George Butler, the father of QeS, has passed away.
George’s degree was a BS in Physics from Iona University, but he liked to be known as a Data Analyst.
George was one of the leaders of the computer-oriented school of Pattern Recognition. He was the first to fully develop kernel regression modeling, a technique with which he achieved the second-best result in the International Competition in Pattern Recognition.
His published contributions include the vector field approach to clustering and the practical exploitation of information theory. His unpublished think piece for the layman, “The Bee Game” has received praise from a wide spectrum of readers.
As Allstate’s first Senior Research Associate in its Research and Planning Center (70’s and 80’s) , he conceived and built an approach called “AutoPart” (automatic partitioning of data) The Allstate Insurance Company Investment Department used this application for common stock selection, which led to a fund (according to Forbes magazine) “...totaling $400 million that for nine years bettered the S&P index by an average of 13 points.”
In the 90’s, his focus was the simplification and automation of statistical modeling and scoring for the direct marketing industry, for which he designed the QS technology (Quick Study), now known as QeS.
He conceived of QeS as a way for marketing managers themselves to execute highly robust stage-wise regression modeling without the aid of a statistical staff or high-level statistical training. QeS did it all automatically, as was his dream. He built in automatic data type determination, automatic data transformations, including a brand new Piecewise Linear transformation for a non-parametric distribution
Plus, he conceived and implemented Monte Carlo processing in QeS to split a modeling sample automatically and randomly into up to 999 subsamples, build and validate models on each subset, and “accept” only the recommended modeling predictors that are consistent over the 999 trials, thus avoiding modeling overfit, the curse of most modelers. He said this helped control for “regression to the mean” in the final model by avoiding selecting modelling variables that would overfit the data.
He designed and built a complete utility program (QSelect) to go along with QeS to audit data, sample datasets, transform and recode data, match and merge data, as well as to cluster data (based on a Y target), perform Pearson correlations, and identify any interaction effects in the data aka Mutual Information.
George wanted to truly make modeling a manager-level function. So, he built the software to remember all final data transformations, all modeling equations and key facts about the model build dataset so that when a future model is implemented in QeS, the marketing user will not have to “key in” any equations, subjecting the model to errors. QeS would automatically let the user see any significant deviations in modeling variables, such as data distributions, within the new scoring dataset versus the model build dataset. This analysis warns or assures the user whether the scoring dataset is reliable or not.
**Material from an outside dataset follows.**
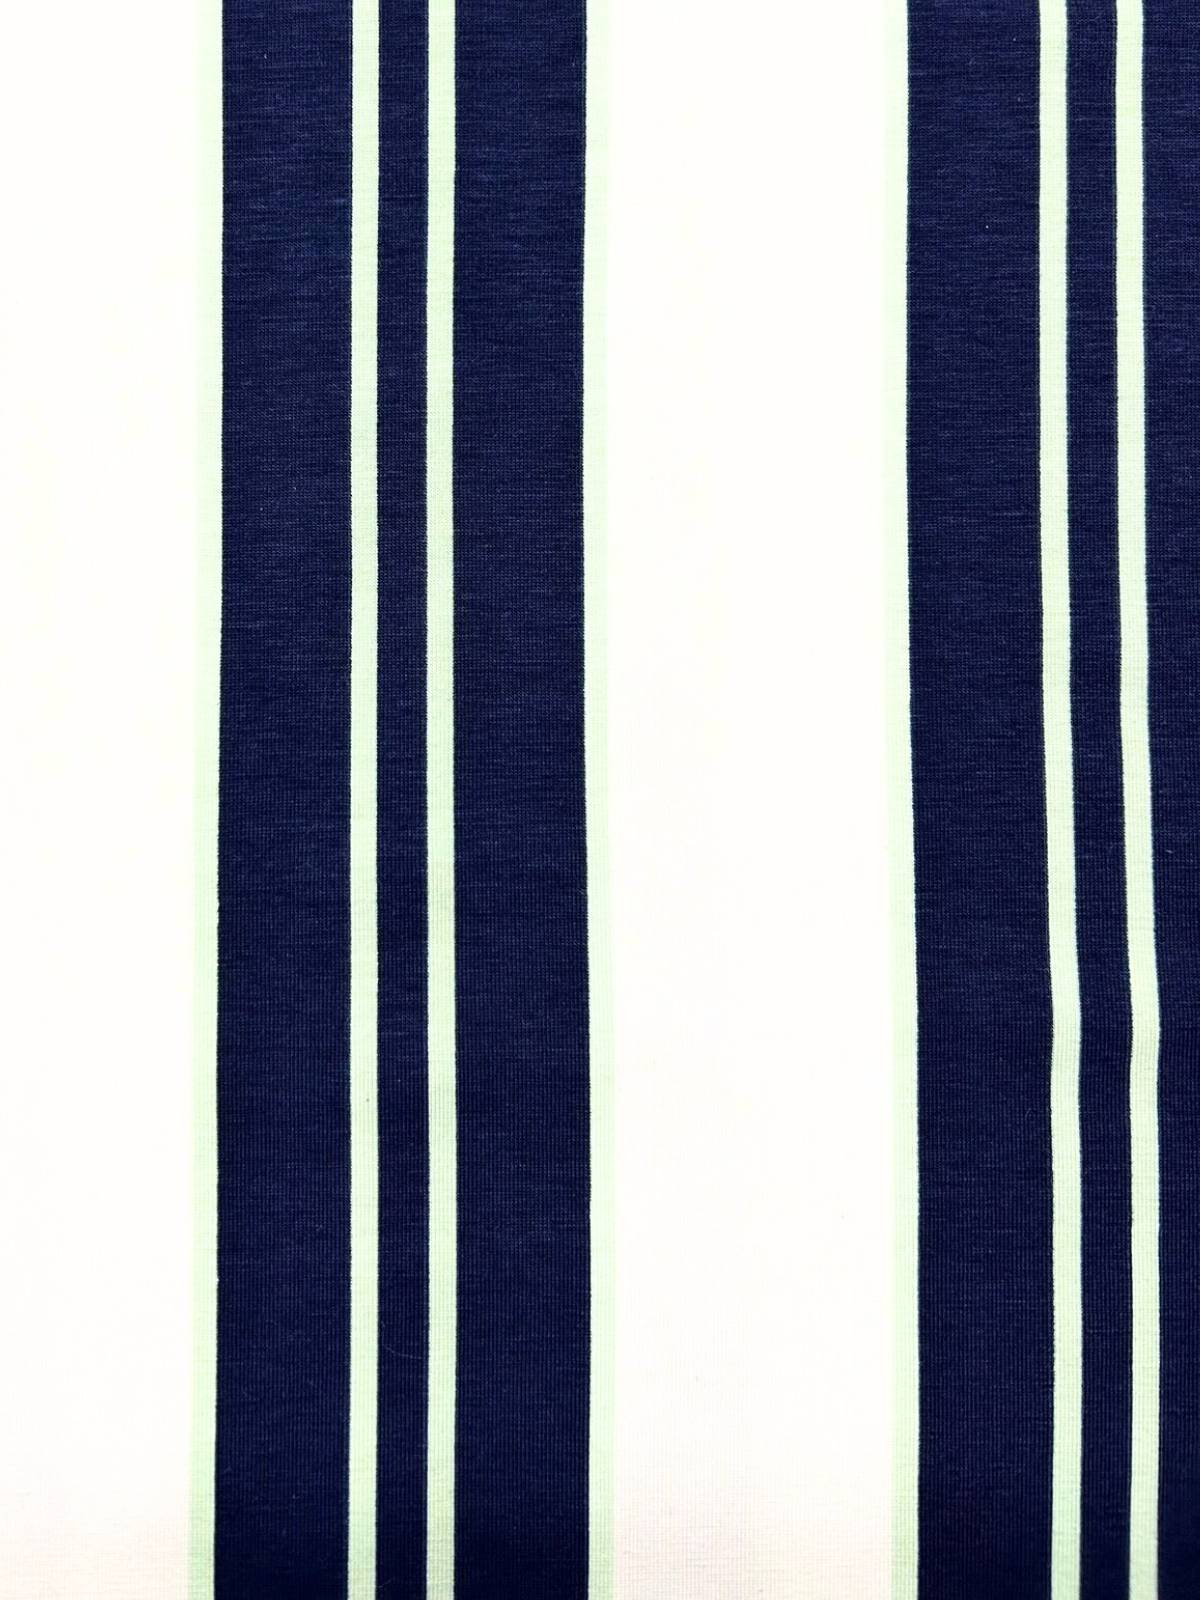 Bermuda Stripe Cotton L/S Tee - Navy/Green

Butler added more functions, such as an automatic model building platform called QUEUE. QUEUE will quantitatively answer whether a single nationwide model be be more effective that individual state models. For example, QeS may build a global model in which STATE is a predictor. QUEUE subsequently uses STATE to build up to 50 individual state models, and tests whether an individual state model outperforms the global, nationwide model. If the answer is yes, then QUEUE remembers that state model; if not, QeS will score the records in that state with the global model.
He also developed many other marketing tools like ScoreTree to isolate key demographics within a scoring tile, so that the marketer can direct target advertising copy by the demographic node within a tile, thus “talking” to the recipient more directly in copy.
QeS Technology encompasses all of George’s 40+ business years of know-how and he considered it to be the culmination of his life’s work. He always said the strength of QeS was that it was built using real-world, live, client databases and actual sale results. This, he said, “made QeS uniquely able to build targeting models off real-world direct marketing data.”
QeS has been successful in building tens of thousands of marketing models and scoring trillions of records in the 15 years of utilization in the direct marketing industry.
The industry has lost one of its analytical giants.
To state that we will miss him is a gross understatement.